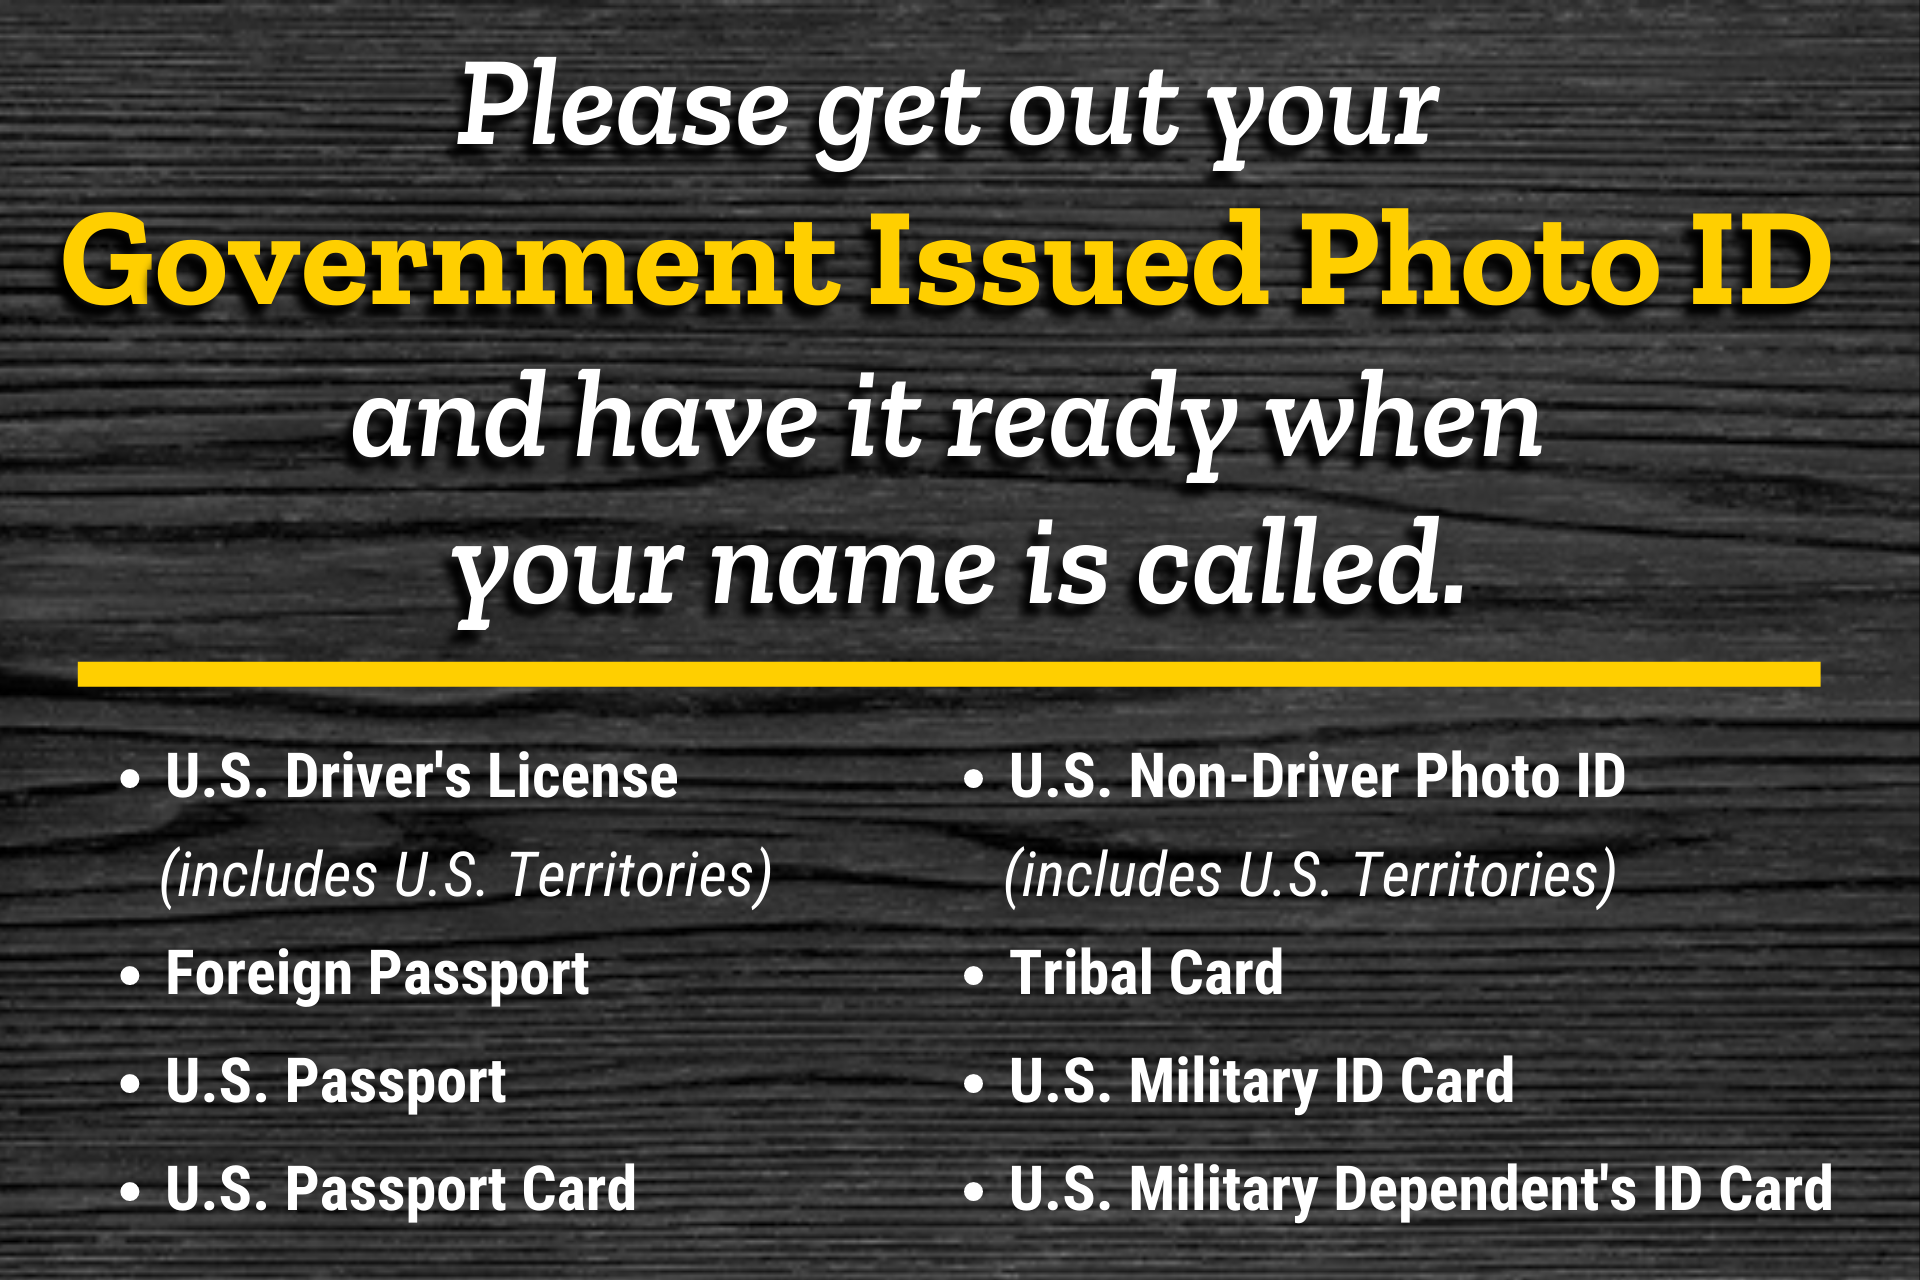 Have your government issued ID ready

* * * *

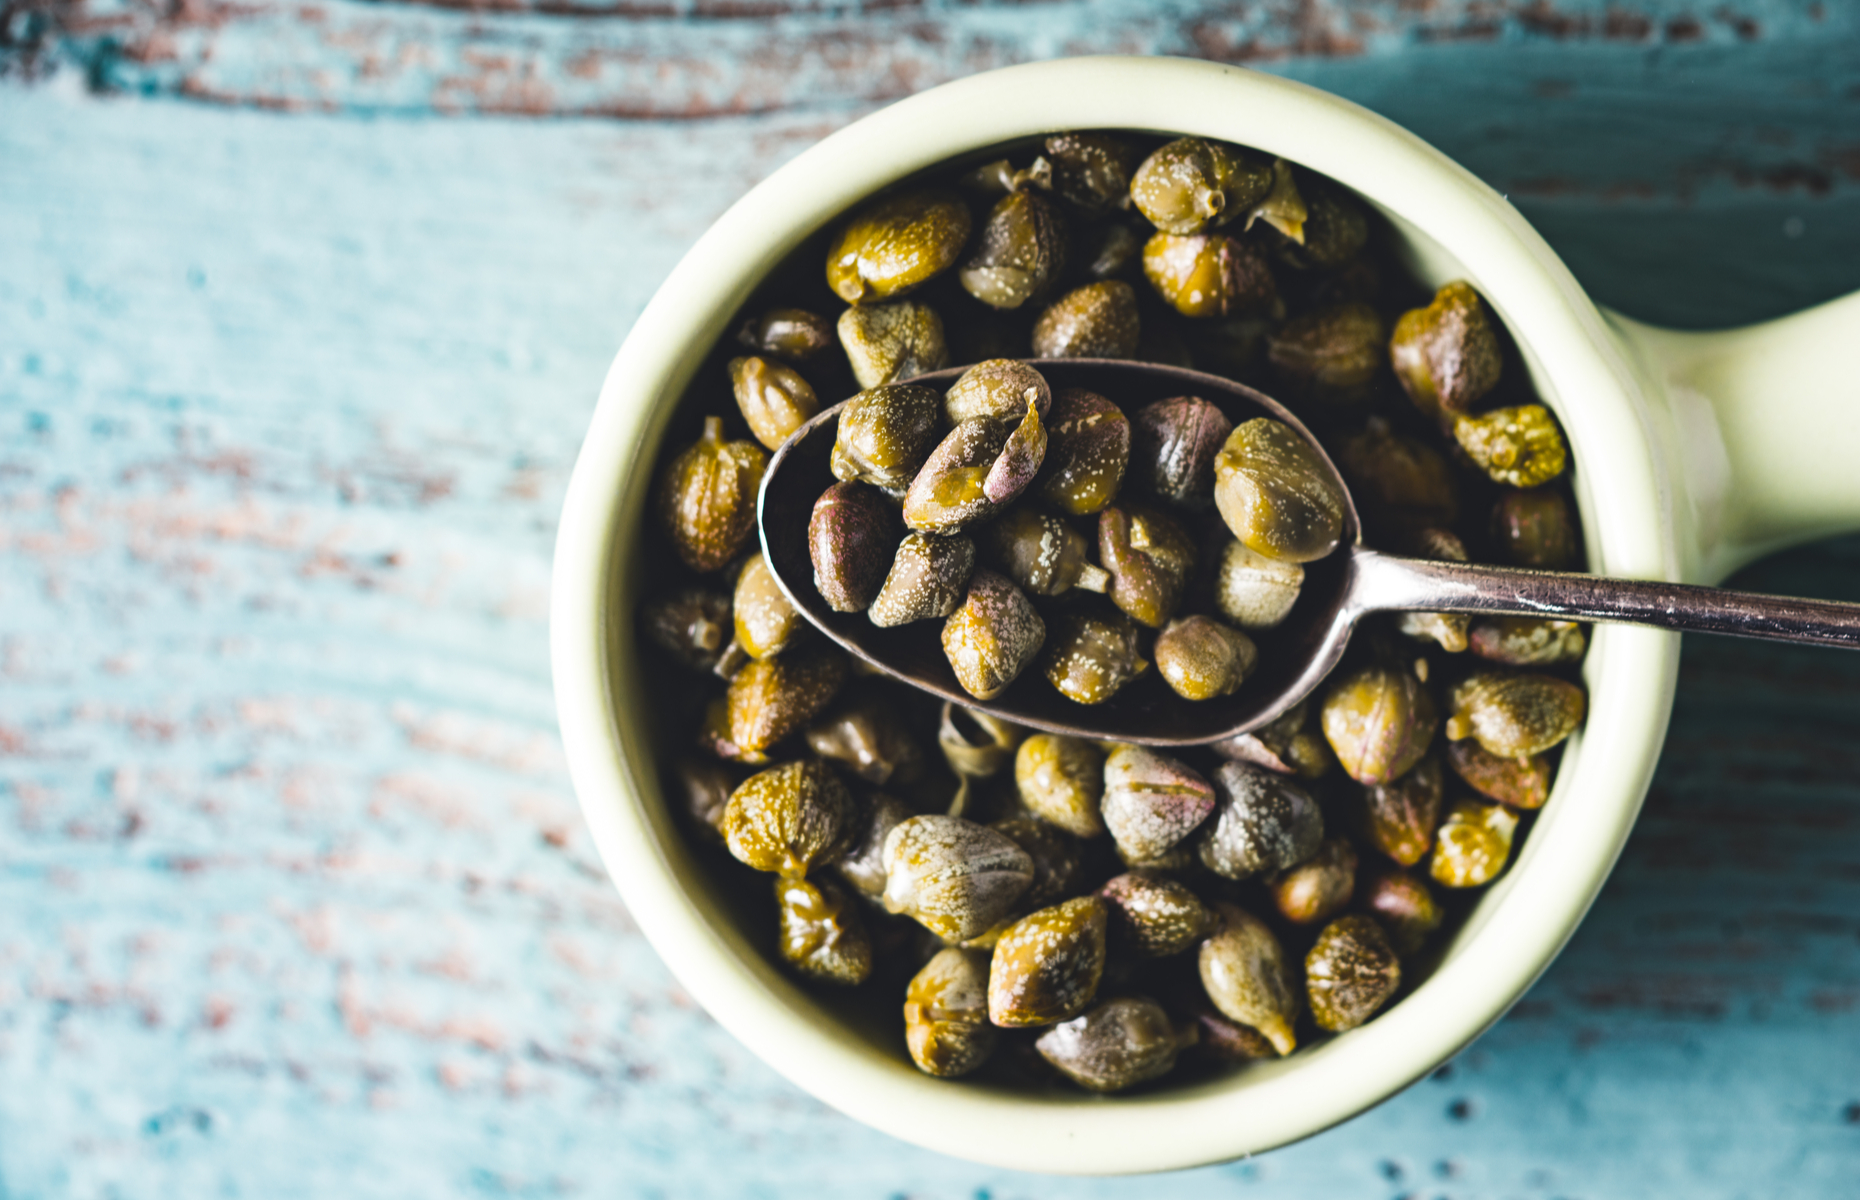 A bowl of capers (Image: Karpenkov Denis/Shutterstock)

* * * *

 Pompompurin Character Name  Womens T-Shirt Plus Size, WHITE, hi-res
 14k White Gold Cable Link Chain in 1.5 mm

* * * *

Of the entries above, transcribe exactly those lines that fall between the line containing "Pompompurin Character Name" and the line containing "14k White Gold Cable Link Chain in 1.5 mm", together with those two lines.

 Pompompurin Character Name  Womens T-Shirt Plus Size, WHITE, hi-res
 14k White Gold Cable Link Chain in 1.5 mm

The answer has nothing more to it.